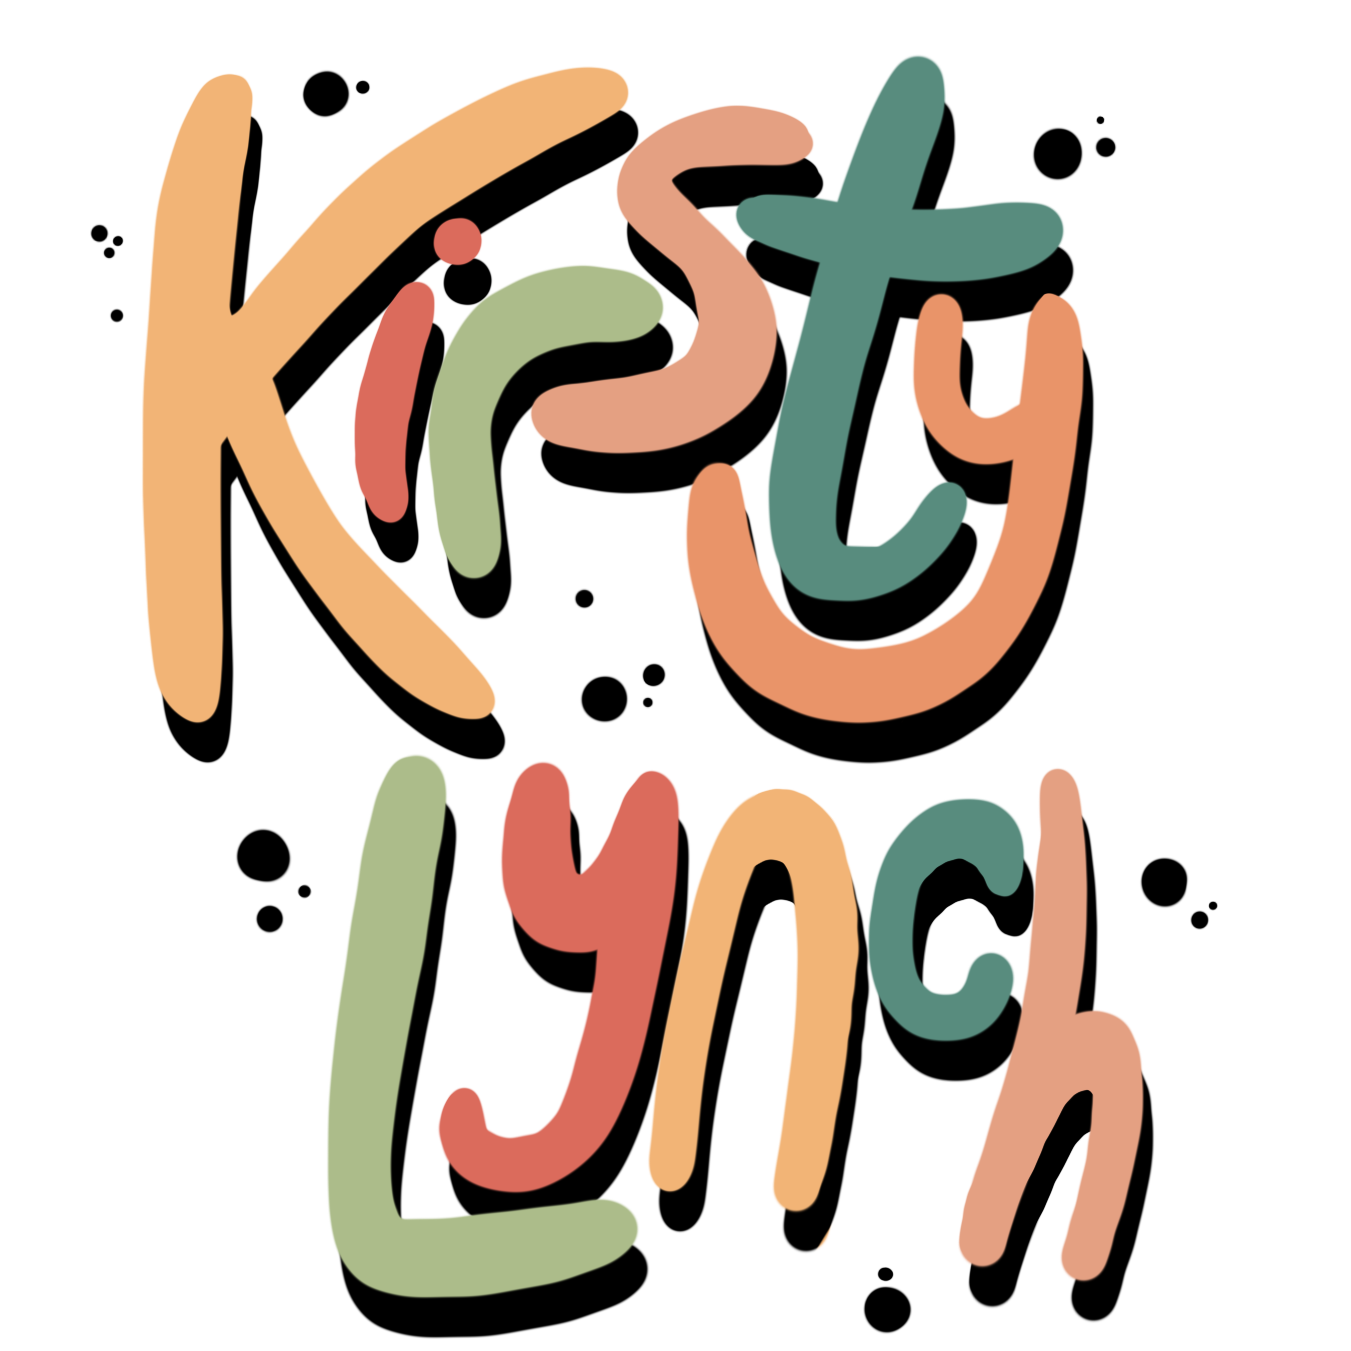 kirsty lynch
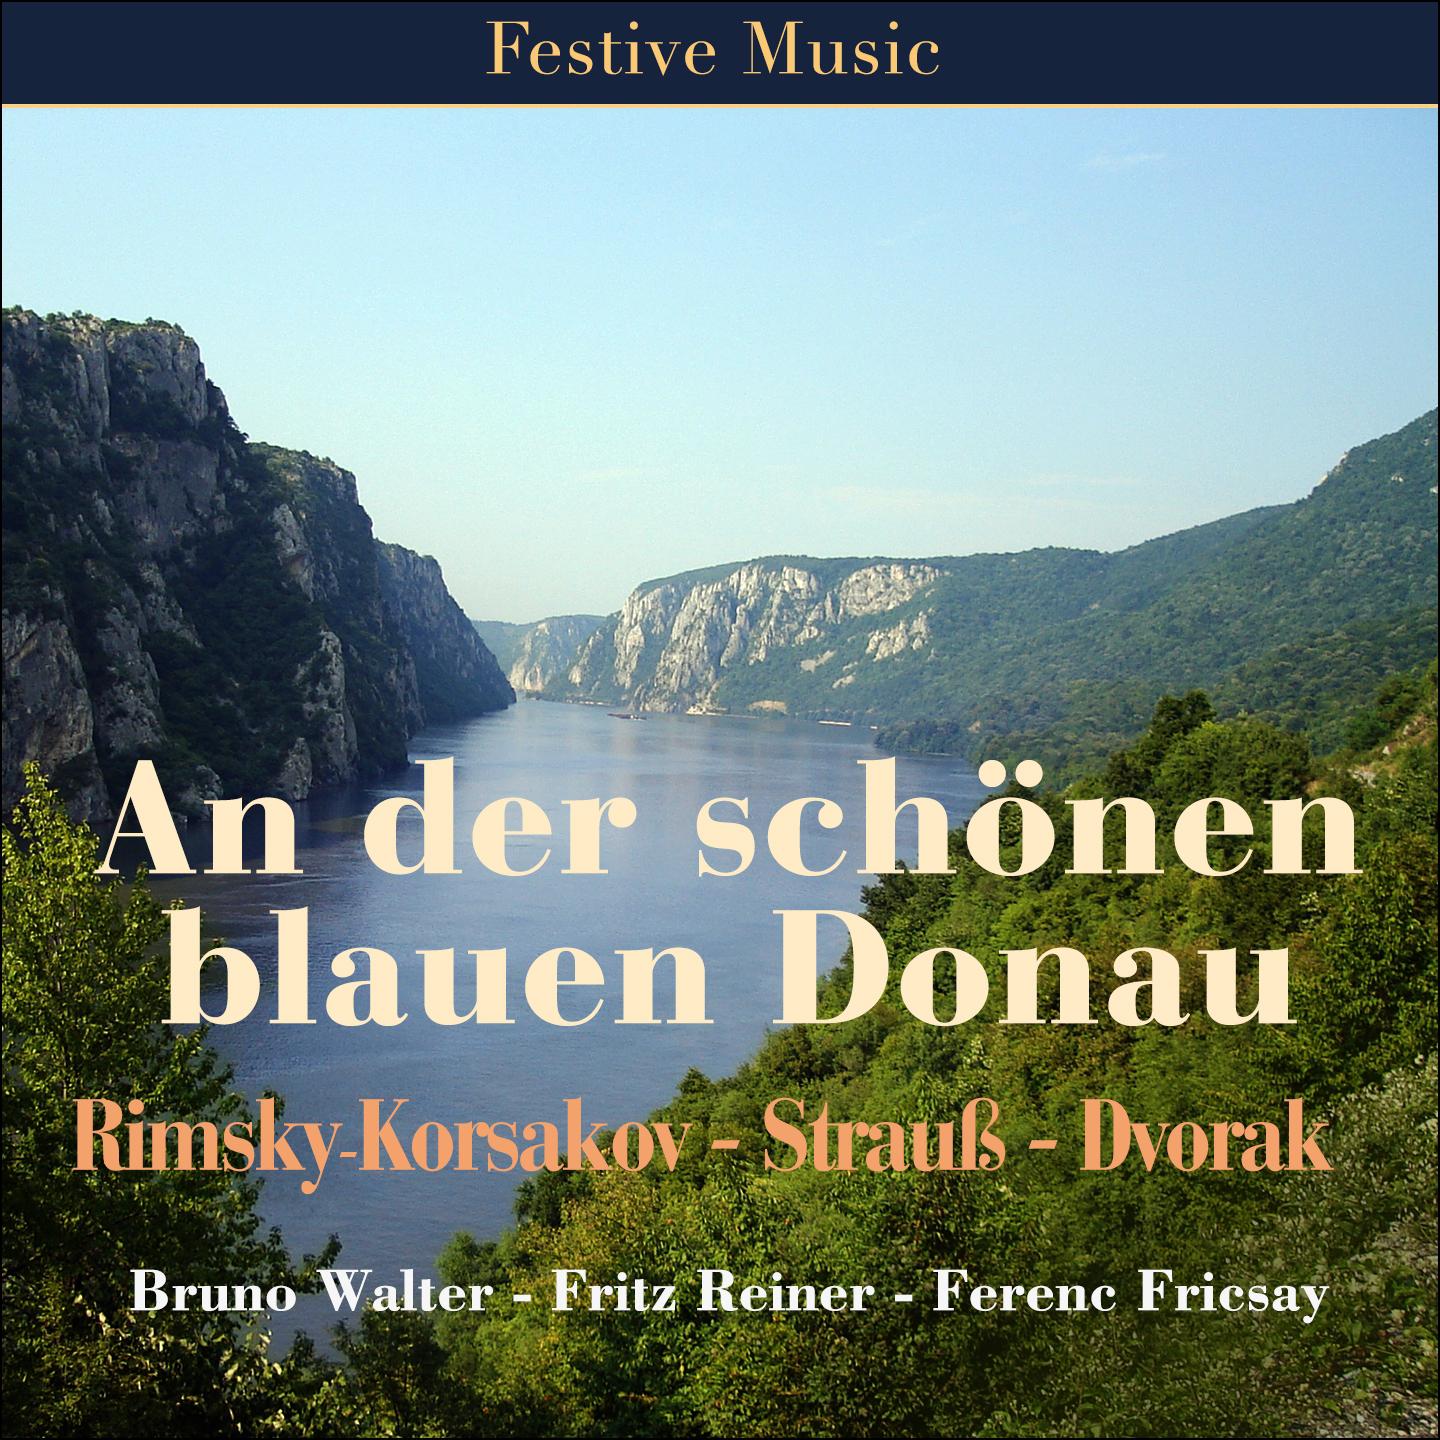 Slawische Tänze, Op. 72, B. 147: No. 2 in E Minor, Dumka
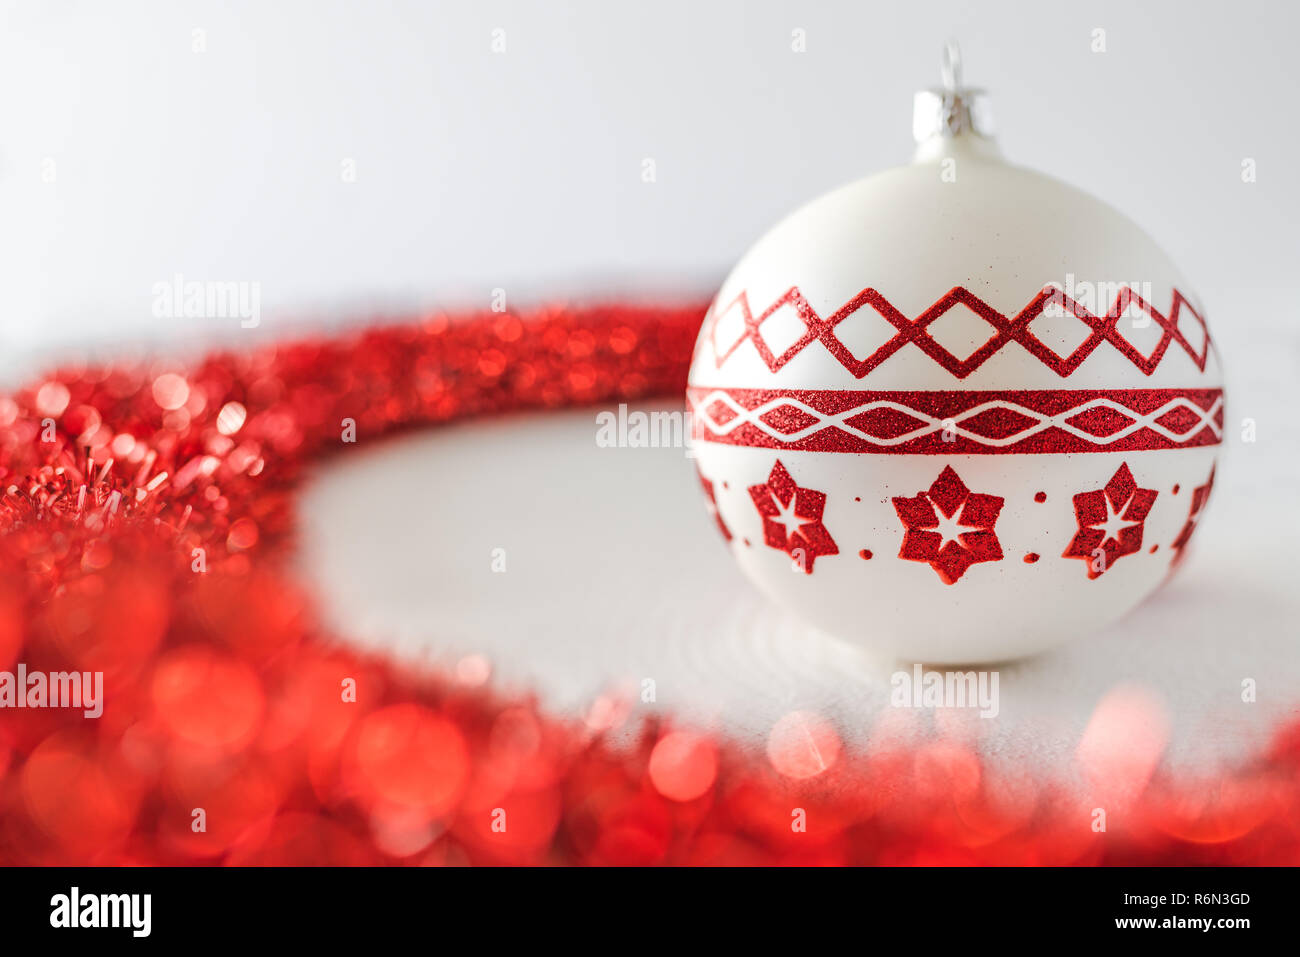 Sfondi Natalizi Bianchi.Decorazioni Di Natale Bel Rosso E Bianco A Sfere Di Vetro E Nastro Rosso Su Sfondo Bianco Foto Stock Alamy
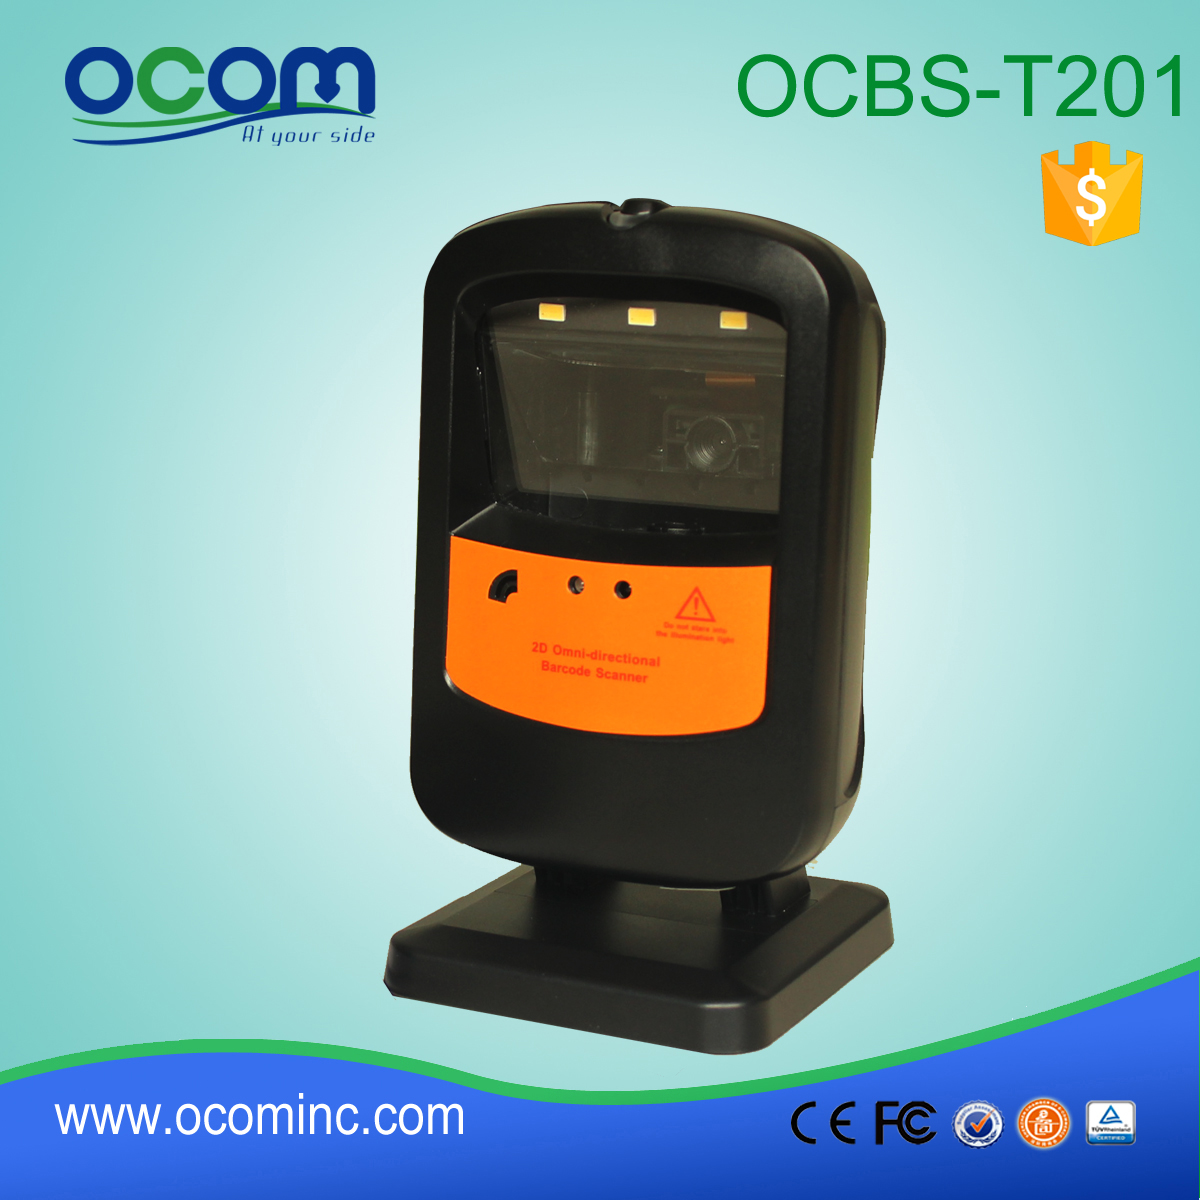 OCB-T201: omnidirezionale macchina barcode scanner, parti dello scanner di codici a barre

(WHAT YOU ARE ASKED TO DO): Reproduce the final stretch of lines exactly: the line containing "Slawische Tänze, Op." through the last line of the data, both included. Pictures do not belong in the copy.

(OUTPUT FOR THIS EXERCISE):
 Slawische Tänze, Op. 72, B. 147: No. 2 in E Minor, Dumka
 Sfondi Natalizi Bianchi.Decorazioni Di Natale Bel Rosso E Bianco A Sfere Di Vetro E Nastro Rosso Su Sfondo Bianco Foto Stock Alamy
 OCB-T201: omnidirezionale macchina barcode scanner, parti dello scanner di codici a barre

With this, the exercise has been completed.